ORLANDO – A children’s hospital used decolonization protocols to drive down rates of MRSA in three intensive care units by more than 40%, according to data reported at a medical conference.

Although the idea for the study first came about in 2019, the COVID-19 pandemic caused delays in the project, according to one of its authors.

“As 2020 went on, we were starting to see our MRSA rates increasing in our hospital and it’s becoming noticeable,” Jennifer Schroeder, MPH, CIC, lead infection preventionist at Children’s Hospital New Orleans and co-author of the study, told Healio. “We were seeing rates that we really haven’t seen before, so we assembled our teams to deep dive and look at what we could do.”

Although decolonization protocols were in place for adults in the hospital’s health system, no such plans had been made for the children’s hospital, Schroeder said.

Schroeder and her colleagues in infection prevention met with other staff to develop and implement the protocols in the hospital’s cardiac ICU, NICU and pediatric ICR. These protocols included a nasal decolonization regimen being used in adult patients, which involved regular nostril swabbing with an antibacterial ointment in addition to standard use of chlorhexidine gluconate bathing.

During a preintervention phase between January and October 2021, there were 2,316 admissions totaling 15,765 patient days, with an average stay length of 6.8 days. In the post-intervention period from November 2021 to August 2022, there were 2,778 admissions and 17,296 patient days, with an average length of stay of 6.2 days, a reduction from the pre-intervention phase.

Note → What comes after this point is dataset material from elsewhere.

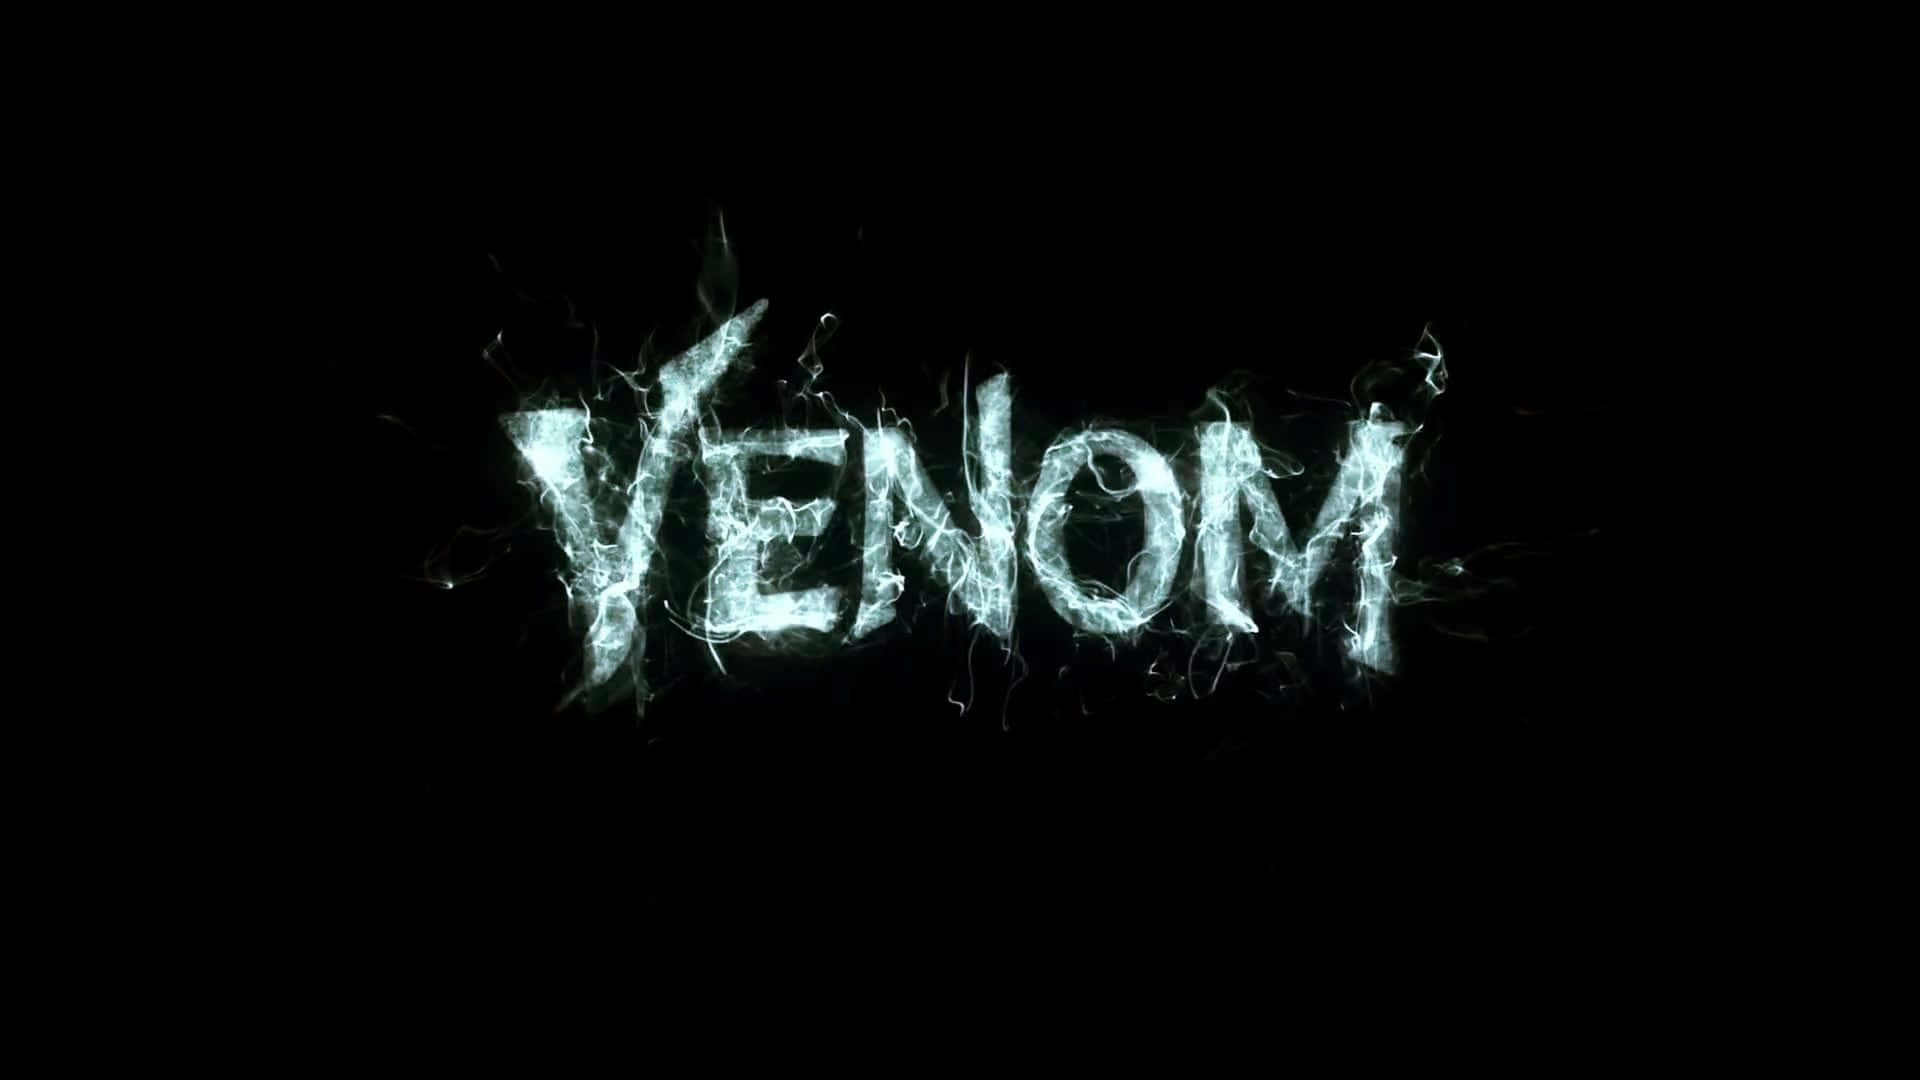 Venom Logo On A Black Background Wallpaper

The MRSA rate per 1,000 patient days in the three intensive care units decreased from 1.459 to 0.867 after the protocols were implemented — a decrease of around 41% — and its hospital-onset MRSA bacteremia rate per 1,000 patient days decreased 54% from 0.381 to 0.173 .

Schroeder said further research is needed into protocols to prevent MRSA in pediatric populations.

“Why are we not figuring out ways when we see best practices that are guided toward the adult patient population?” Schroeder said. “Why are we not thinking, ‘How do we implement this in a pediatric population as well?’ Kids get sick, they go to the hospital, just like adults, they’re at risk for infection — why are we not doing what the literature has shown to do in adults?”

She added that such protocols can and should be expanded to “other health care facilities,” as well as globally.

“I would like this to go forward as a standard practice,” Schroeder said.